How to complete this task:
So that the copy stays text only, transcribe the data below exactly and exclude the images.

Recorded data:
-.-.-

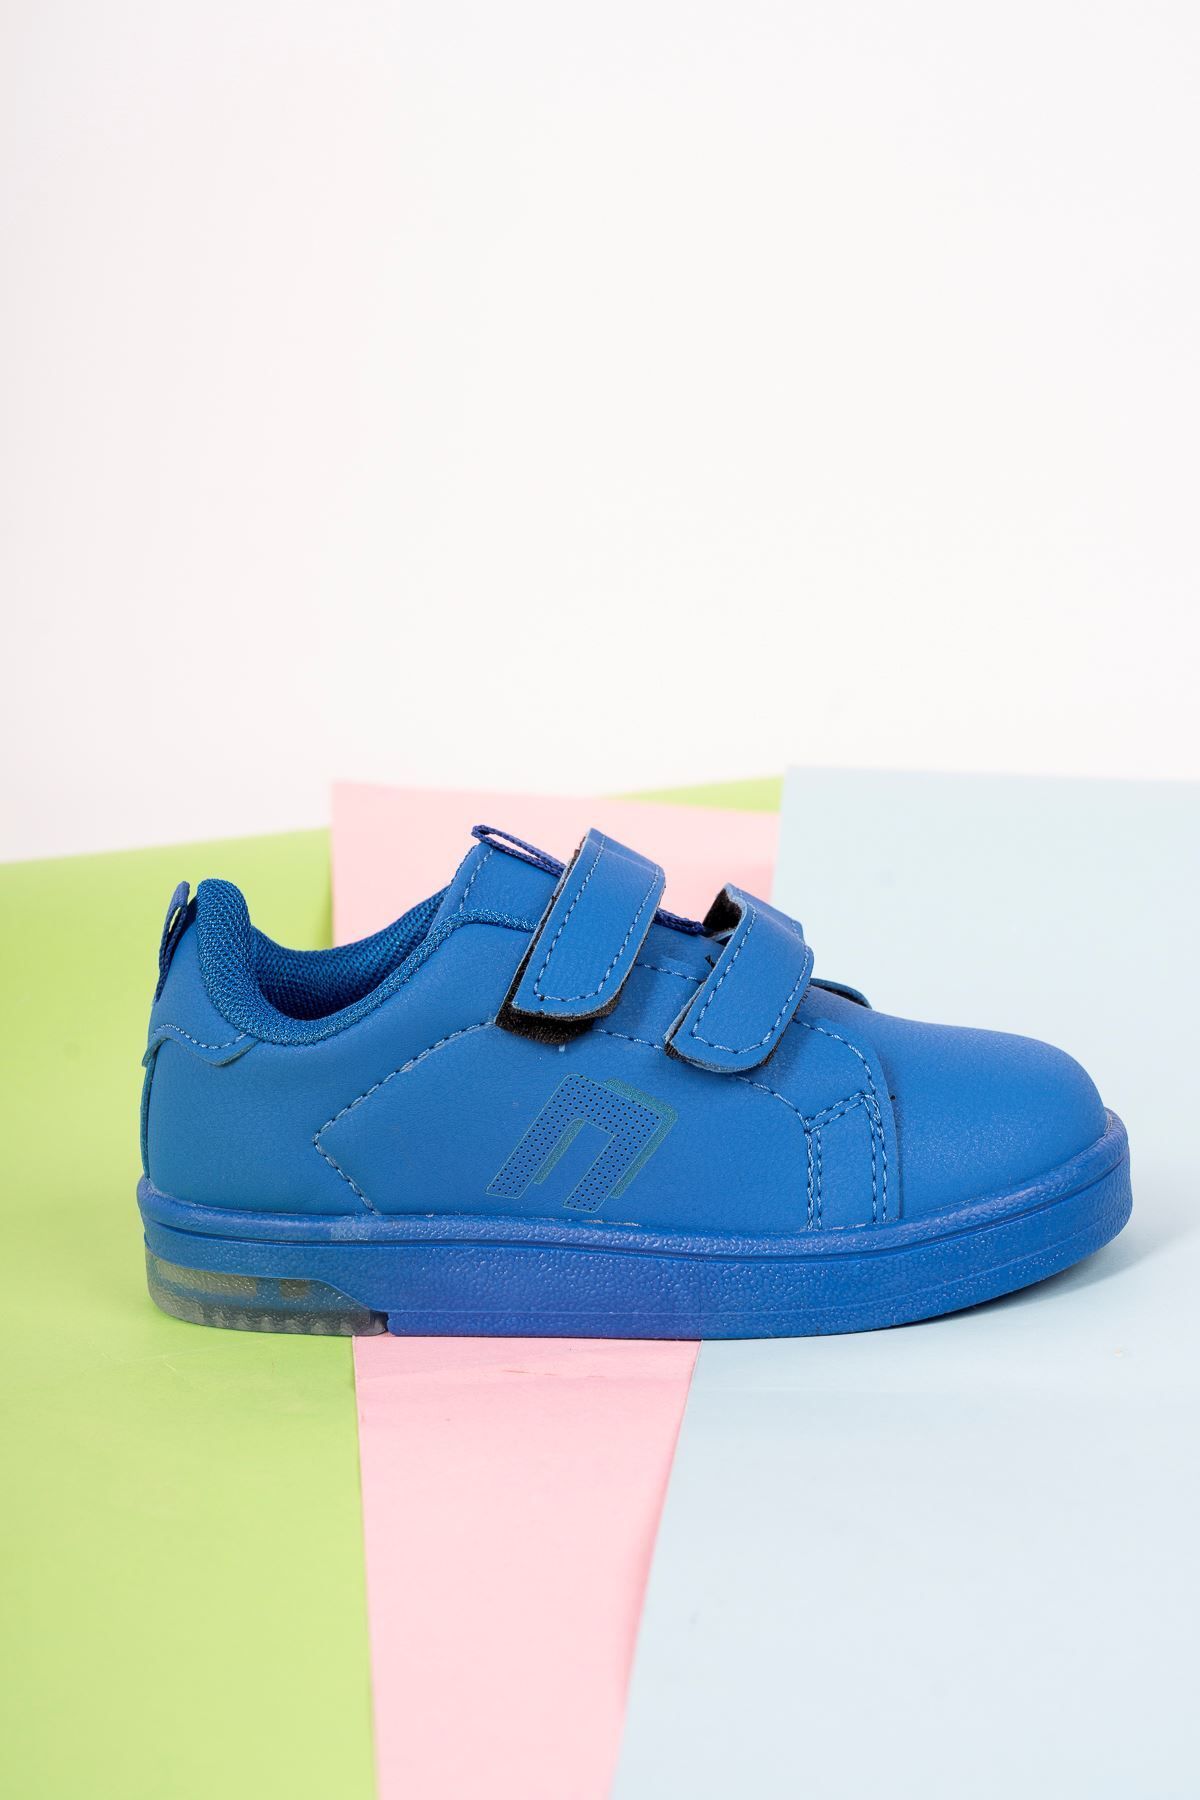 epaavm Çift Cırtlı Işıklı Mavi Bebe Spor Ayakkabı
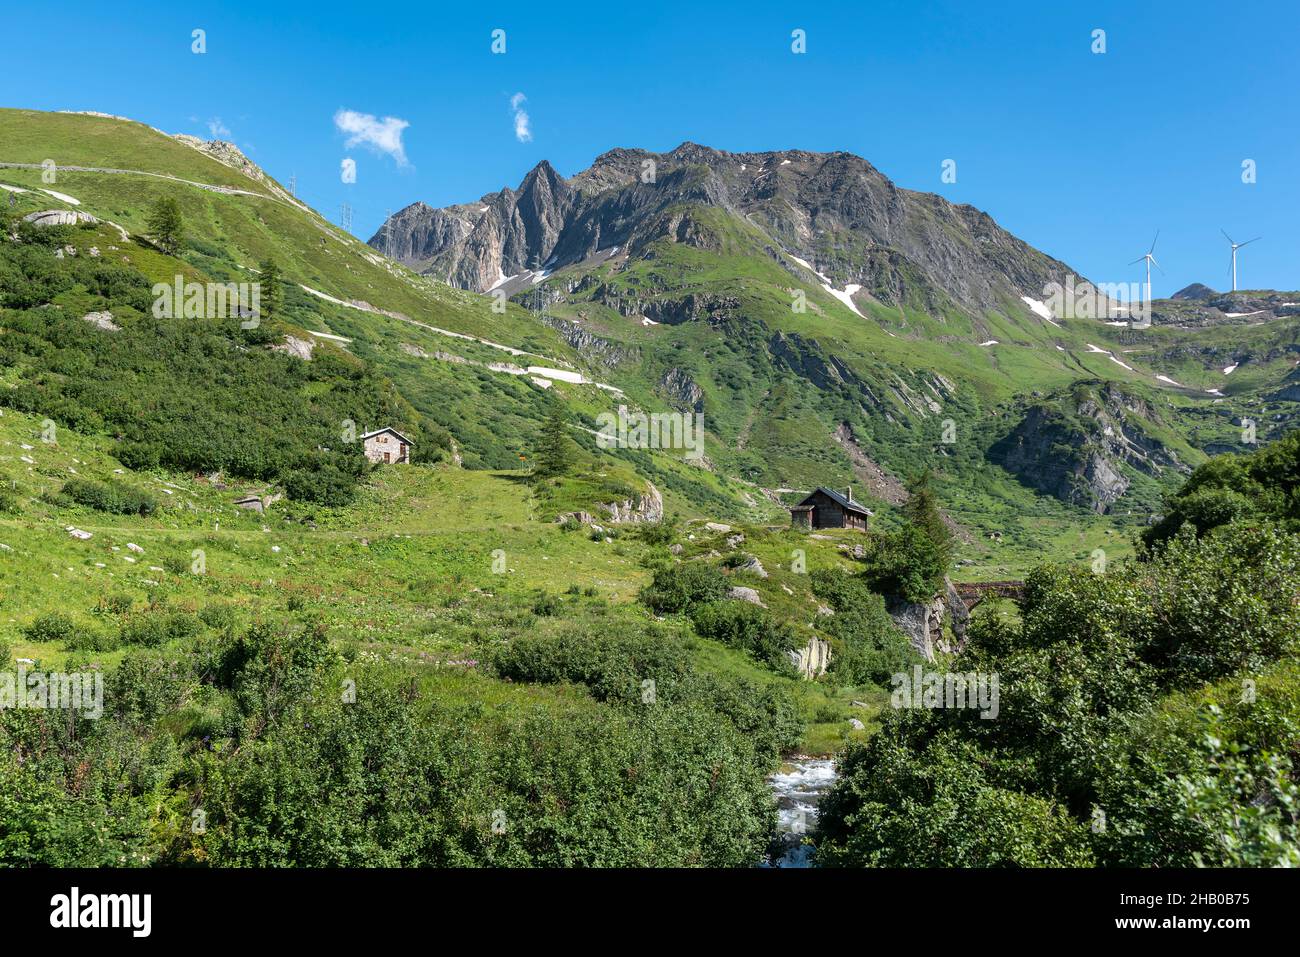 Alpine landscape along the Nufenen Pass road below Nufenen Pass, Ulrichen, Valais, Switzerland, Europe Stock Photo
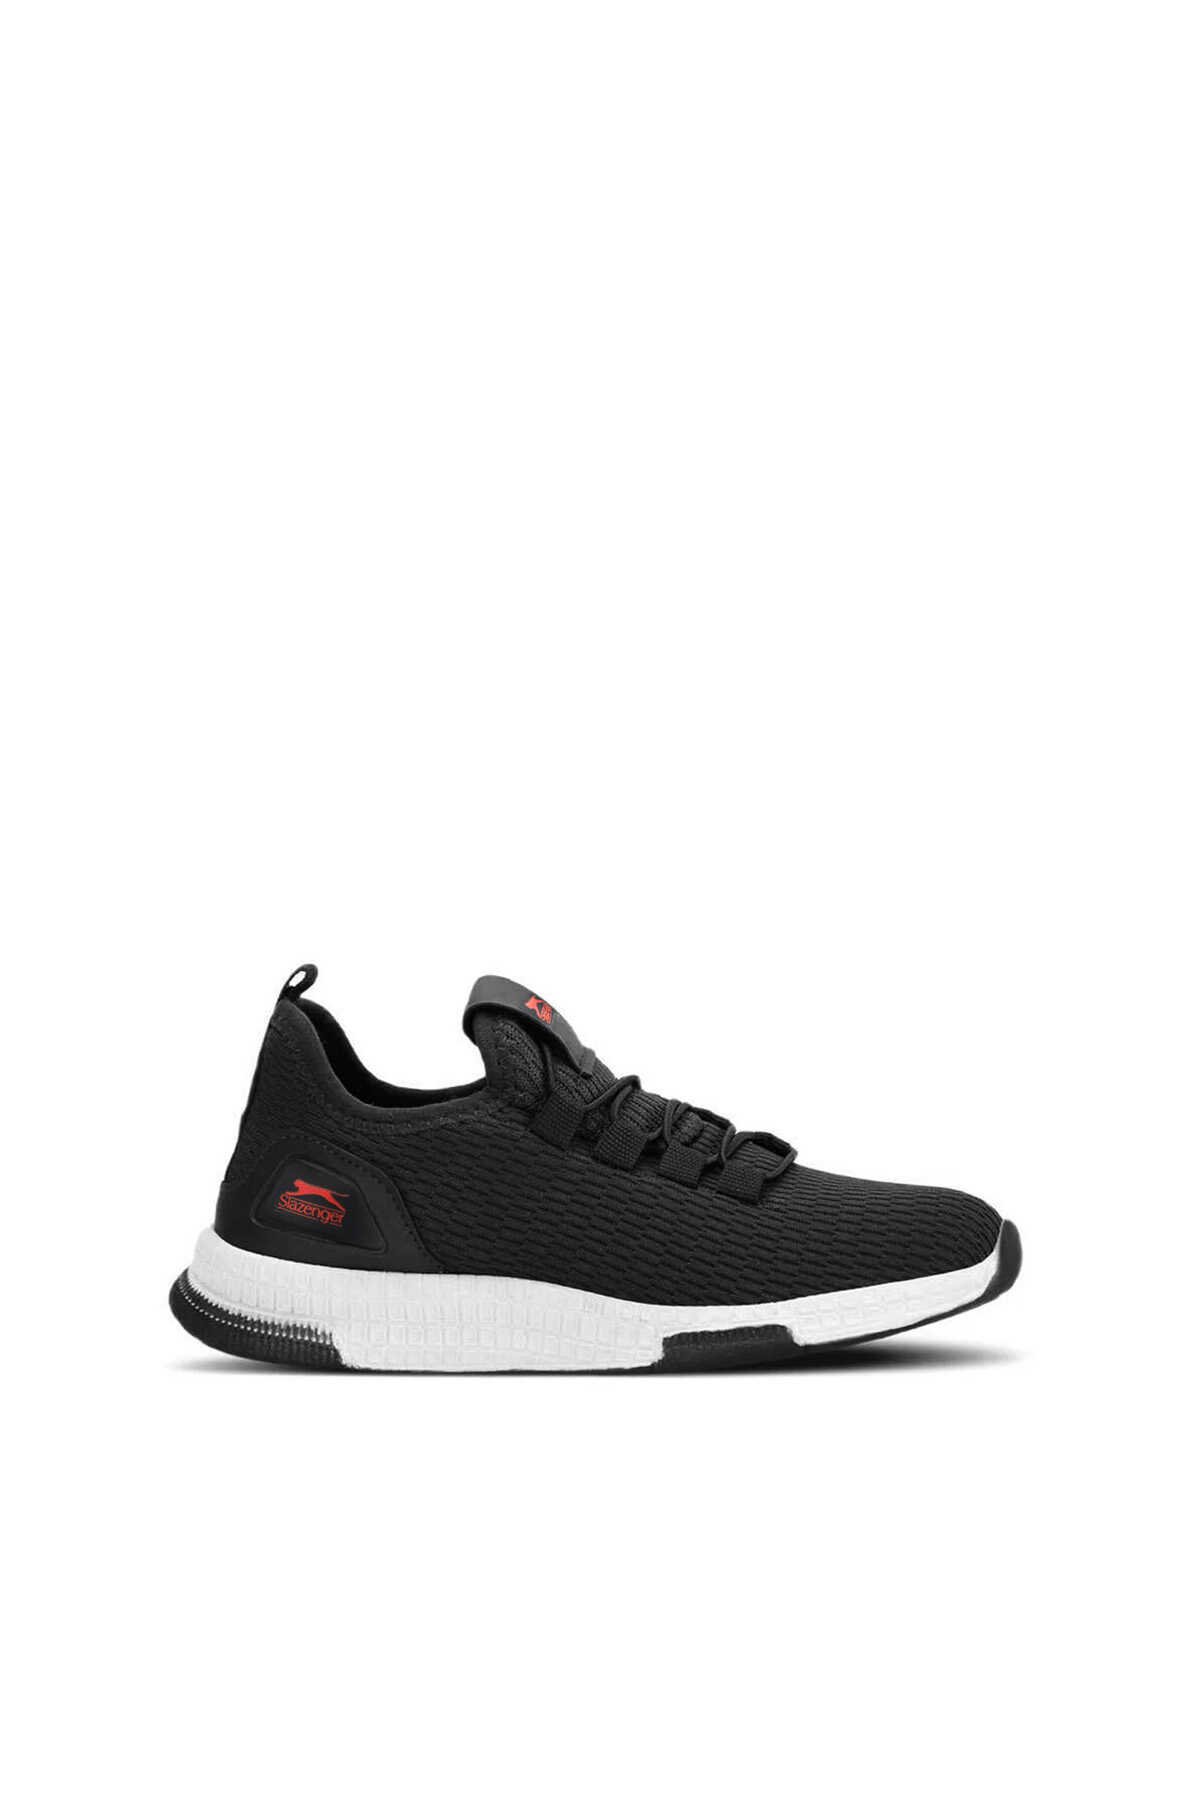 Slazenger - Slazenger ABENA I Sneaker Unisex Çocuk Ayakkabı Siyah / Kırmızı

-.-.-

Output:
 epaavm Çift Cırtlı Işıklı Mavi Bebe Spor Ayakkabı
 Alpine landscape along the Nufenen Pass road below Nufenen Pass, Ulrichen, Valais, Switzerland, Europe Stock Photo
 Slazenger - Slazenger ABENA I Sneaker Unisex Çocuk Ayakkabı Siyah / Kırmızı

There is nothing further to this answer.